Based upon the adduced evidence, defendant has established a prima facie case that plaintiff did not sustain an injury within the meaning of § 5102(d) of the Insurance Law as a result of the subject accident (see Toure v Avis Rent A Car Sys ., supra; Gaddy v Eyler , supra). Defendant's examining orthopedist, Dr. Kelman, used a goniometer to test the ranges of motion in plaintiff's spine and hips, and compared his respective findings to the normal range of motion values for each region (see e.g. Cantave v Gelle , 60 AD3d 988, 877 NYS2d 129 [2d Dept 2009]; Staff v Yshua , 59 AD2d 614, 874 NYS2d 180 [2d Dept 2009]; Desulme v Stanya , 12 AD3d 557, 785 NYS2d 477 [2d Dept 2004]). The affirmed medical report of Dr. Kelman states that an examination of plaintiff revealed that she has full range of motion in her spine and hips, that there is no paraspinal tenderness or spasm upon palpation of the paraspinal muscles, that she does not have a limp or antalgic gait, and that the straight leg raising test is negative. Dr. Kelman opines that the strains/sprains sustained to plaintiff's spine and hips as a result of the subject accident have resolved, and that there is no evidence of sequelae from the accident.
In addition, the affirmed medical reports of defendant's reviewing radiologist, Dr. Luchs, states that a review of the MR1 films of plaintiff's cervical and lumbar regions of her spine show that she suffers from chronic degenerative changes in her spine, which predate the subject accident, and that there is no evidence of posttraumatic findings on the MRI films of her lumbar or cervical spine.

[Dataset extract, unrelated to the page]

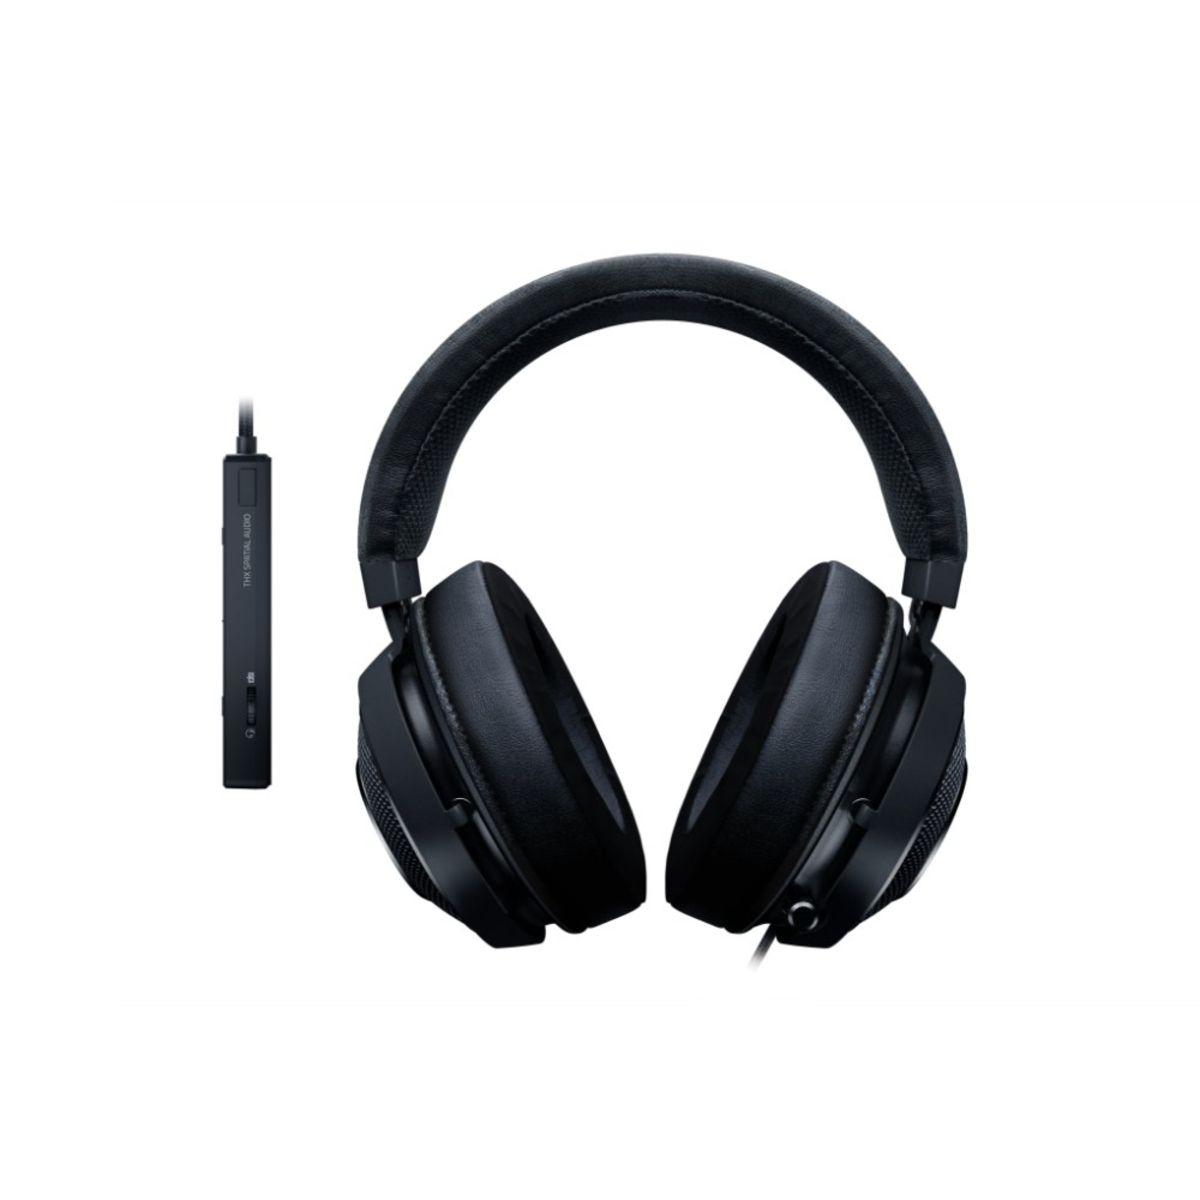 Casque audio - Kraken Tournament Edition Black - Noir

Defendant, having made a prima facie showing that plaintiff did not sustain a serious injury within the meaning of the statute, shifted the burden to plaintiff to come forward with evidence to overcome defendant's submissions by demonstrating the existence of a triable issue of fact that a serious injury was sustained (see Pommelb v Perez , 4 NY3d 566, 797 NYS2d 380 [2005]). A plaintiff claiming a significant limitation of use of a body function or system must substantiate his or her complaints with objective medical evidence showing the extent or degree of the limitation caused by the injury and its duration (see Ferraro v Ridge Car Serv., 49 AD3d 498, 854 NYS2d 408 [2d Dept 2008]; Mejia v DeRose , 35 AD3d 407, 825 NYS2d 772 [2d Dept 2006]; Laruffa v Yui Ming Lau , 32 AD3d 996, 821 NYS2d 642 [2d Dept 2006]; Kearse v New York City Tr. Auth., 16 AD3d 45, 789 NYS2d 281 [2d Dept 2005]). "Whether a limitation of use or function is 'significant' or 'consequential' (i.e. important . . .), relates to medical significance and involves a comparative determination of the degree or qualitative nature of an injury based on the normal function, purpose and use of the body part" ( Dufel v Green , supra at 798). To prove the extent or degree of physical limitation with respect to the "limitations of use" categories, either objective evidence of the extent, percentage or degree of the limitation or loss of range of motion and its duration based on a recent examination of the plaintiff must be provided or there must be a sufficient description of the "'qualitative nature" of plaintiff's limitations, with an objective basis, correlating plaintiff's limitations to the normal function, purpose and use of the body part (see Perl v Metier , 18 NY3d 208, 936 NYS2d 655 [2011]; Toure v Avis Rent A Car Systems , Inc., supra at 350; see also Valera v Singh , 89 AD3d 929, 923 NYS2d 530 [2d Dept 2011 ]; Rovelo v Volcy , 83 AD3d 1034, 921 NYS2d 322 [2d Dept 2011]). A minor, mild or slight limitation of use is considered insignificant within the meaning of the statute (see Licari v Elliott , supra). However, evidence of contemporaneous range of motion limitations is not a prerequisite to recovery (see Perl v Meher , supra; Paulino v Rodriguez , 91 AD3d 559, 937 NYS2d 198 [1st Dept 2012]).
Plaintiff in opposition to the motion argues that she sustained injuries within the "limitations of use" and the "90/180" categories of the Insurance Law as a result of the subject accident, and that the evidence submitted in opposition raises triable issues of fact as to such. In opposition to the motion, plaintiff submits her own affidavit, the sworn affidavit of her treating chiropractor, Dr. Michael Campo, and unsworn records of plaintiff's treating records regarding the injuries at issue.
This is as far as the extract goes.